None of the pictures should appear; the lines from the line containing "Geologist Gold Gift" through the last line of the listing must be repeated exactly.

:: Input data ::

########################################

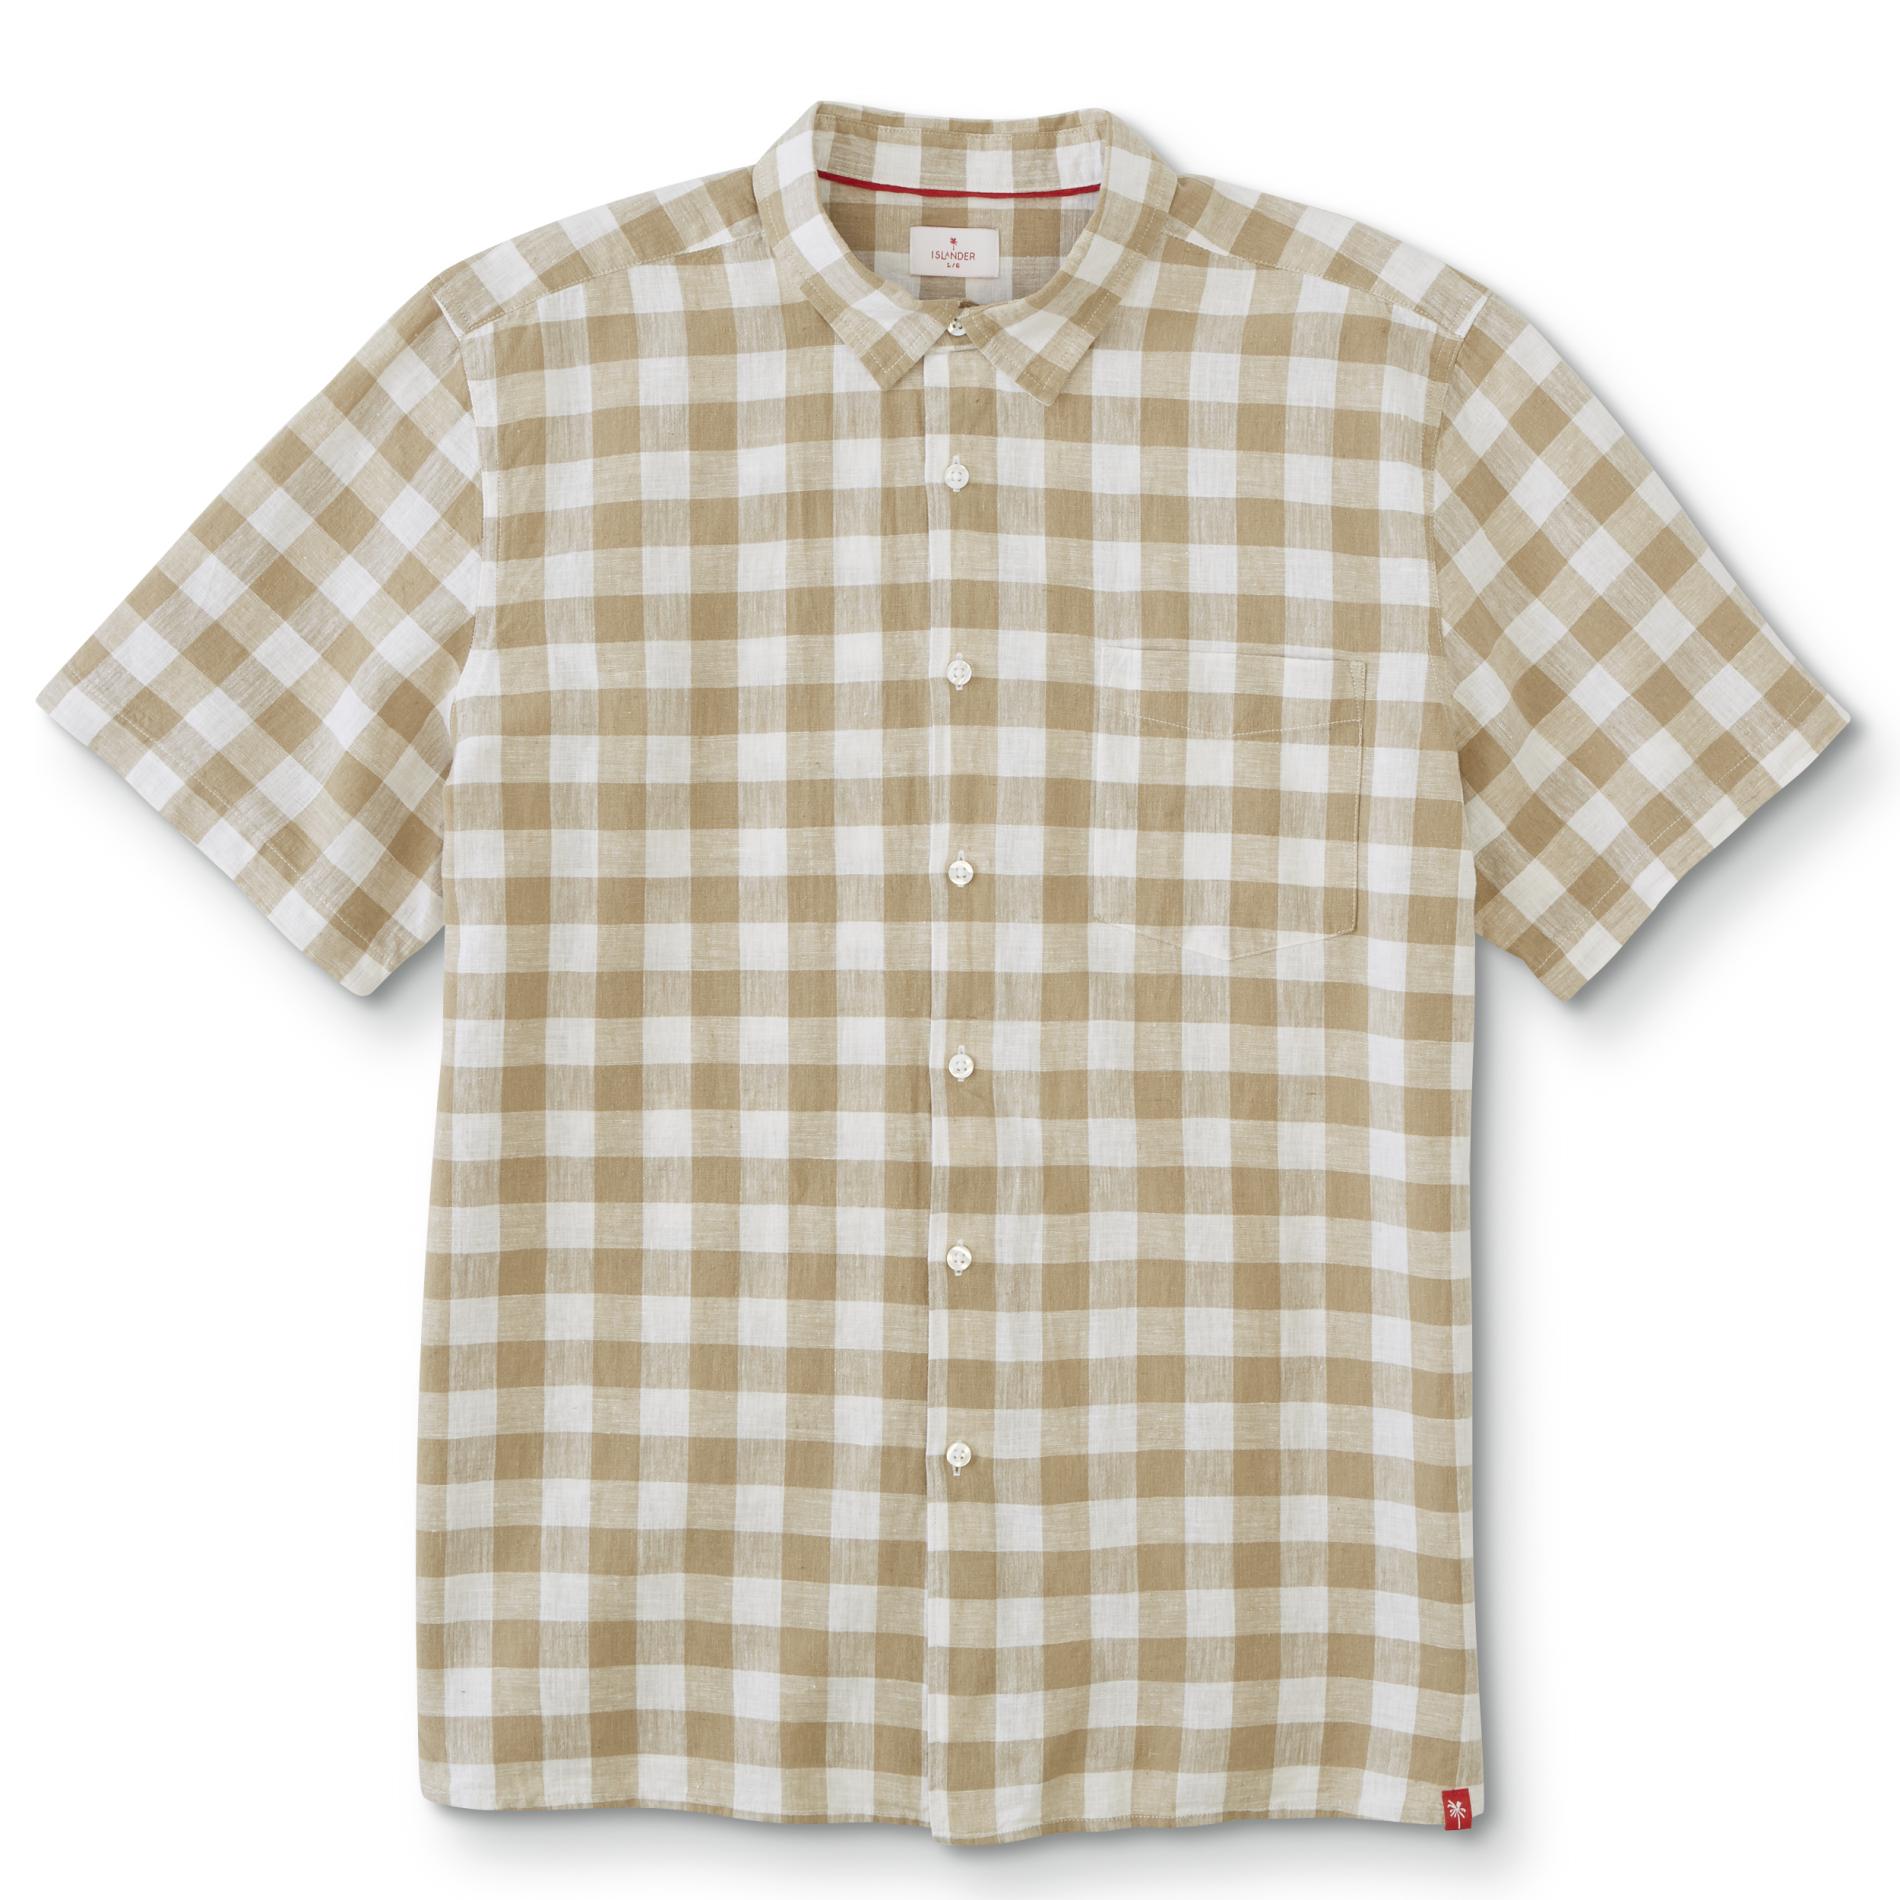 Islander Men's Short-Sleeve Linen Shirt - Checkered
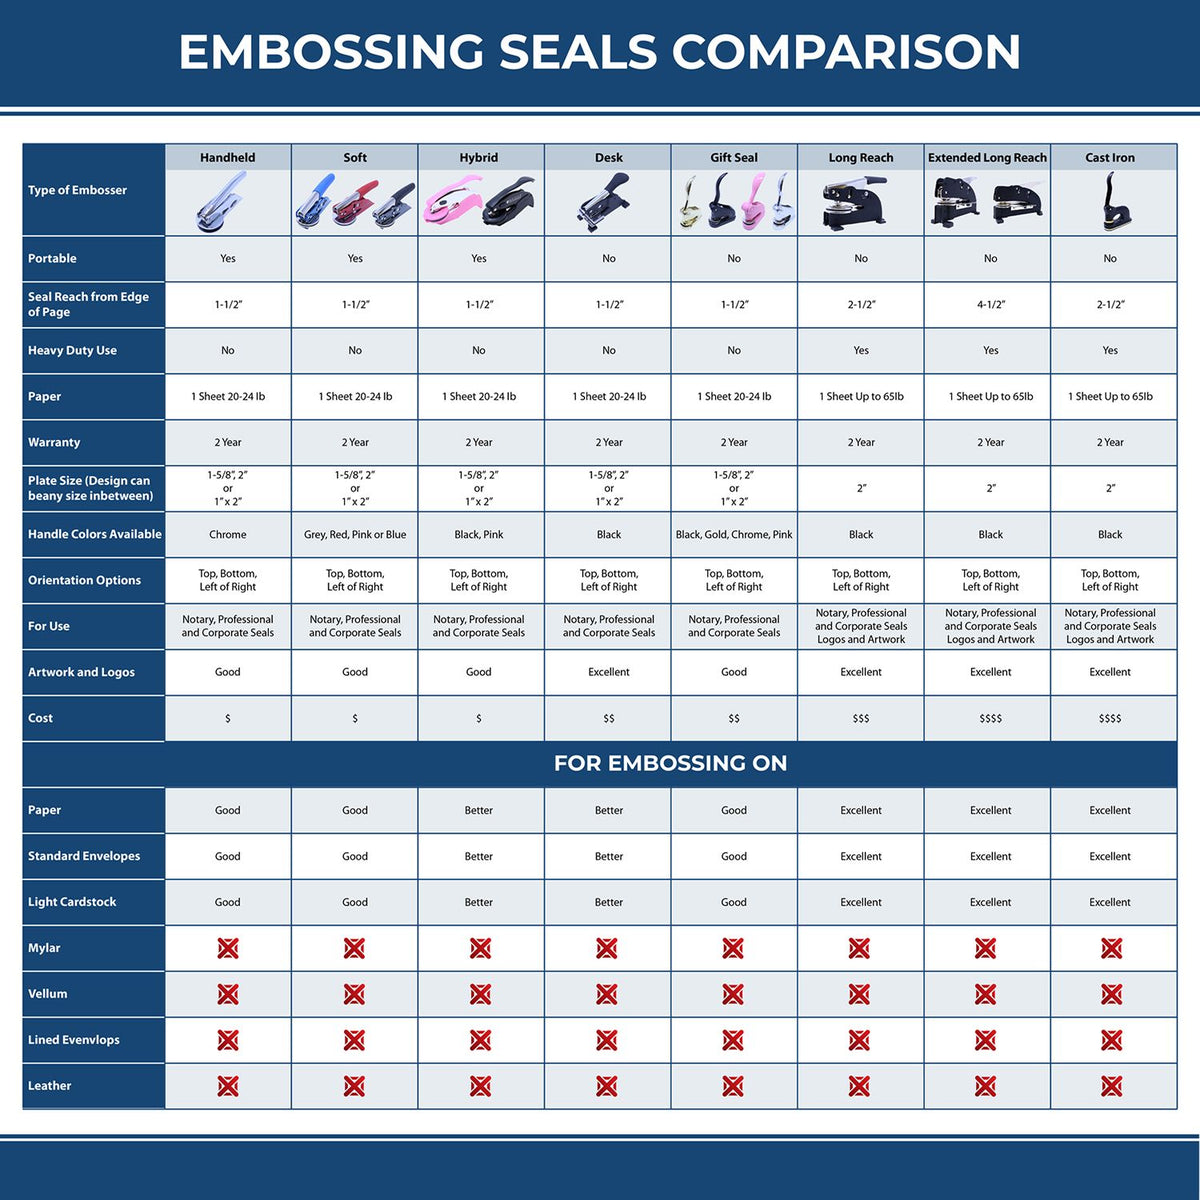 Geologist Gold Gift Seal Embosser 3026GEO Embossing Seal Comparison
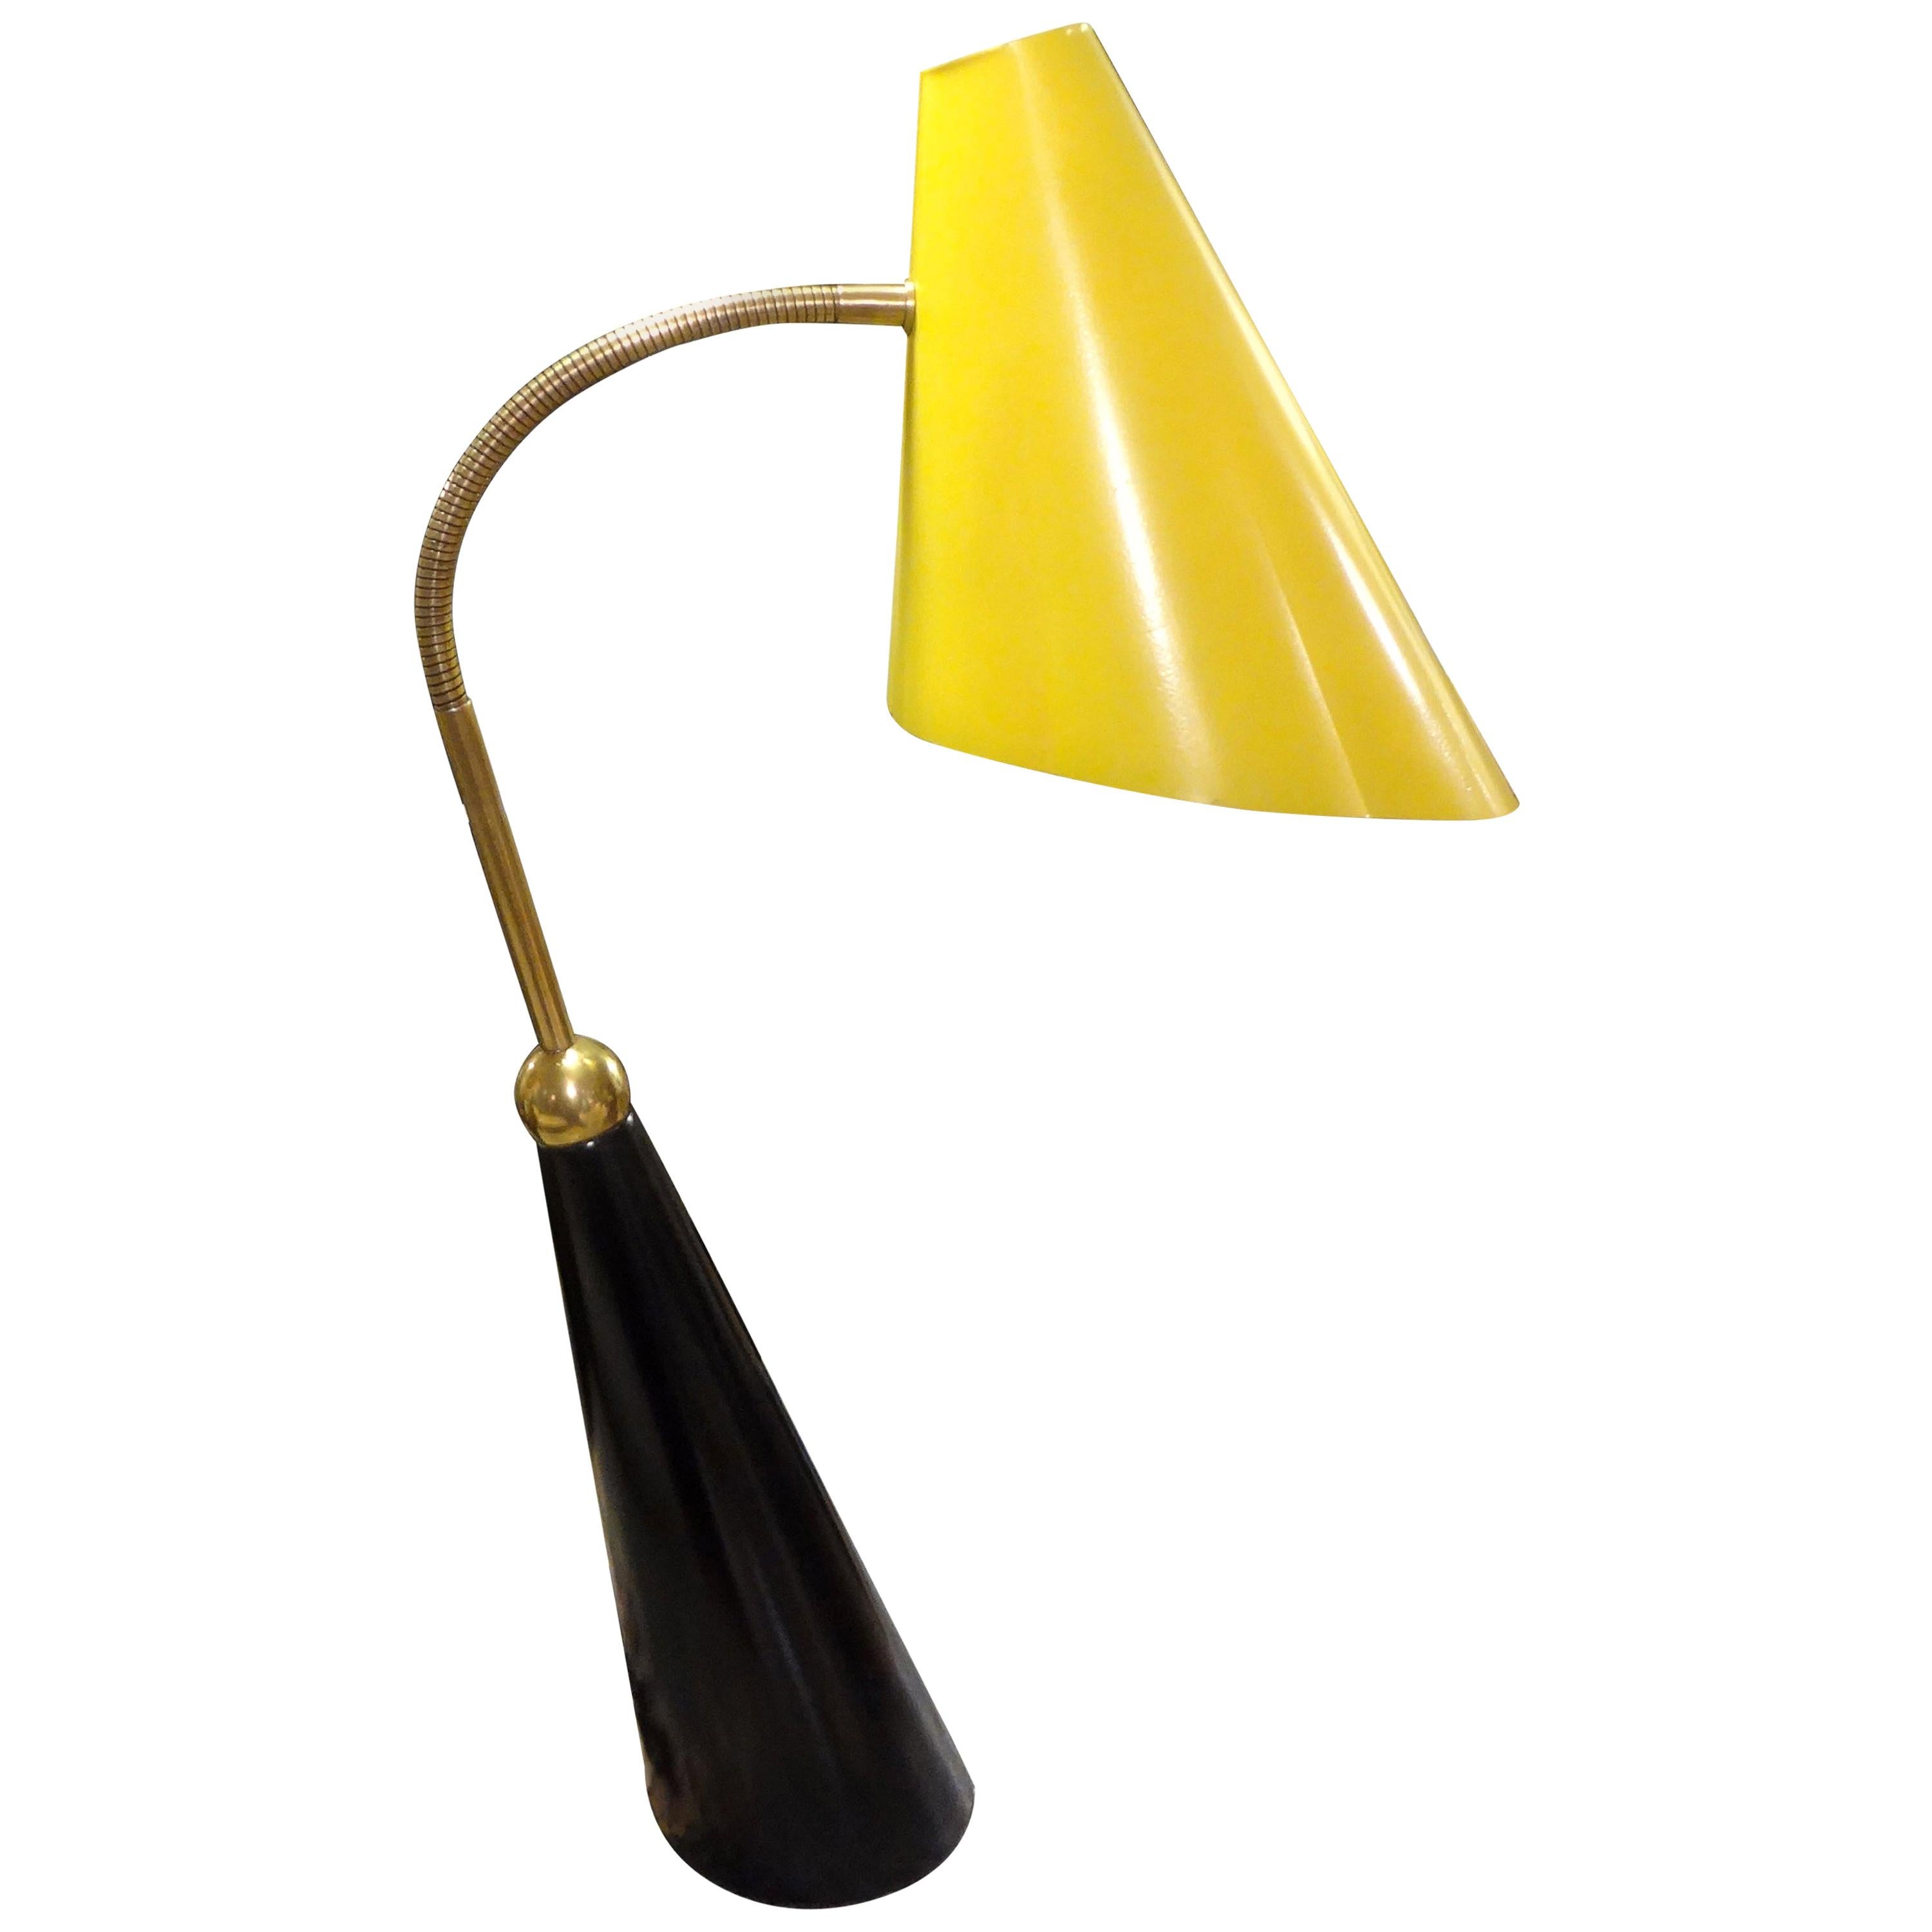 Italian Modern Asymmetrical Lamp Attributed to Gino Sarfatti for Arteluce

########################################

:: Output ::
 Geologist Gold Gift Seal Embosser 3026GEO Embossing Seal Comparison
 Italian Modern Asymmetrical Lamp Attributed to Gino Sarfatti for Arteluce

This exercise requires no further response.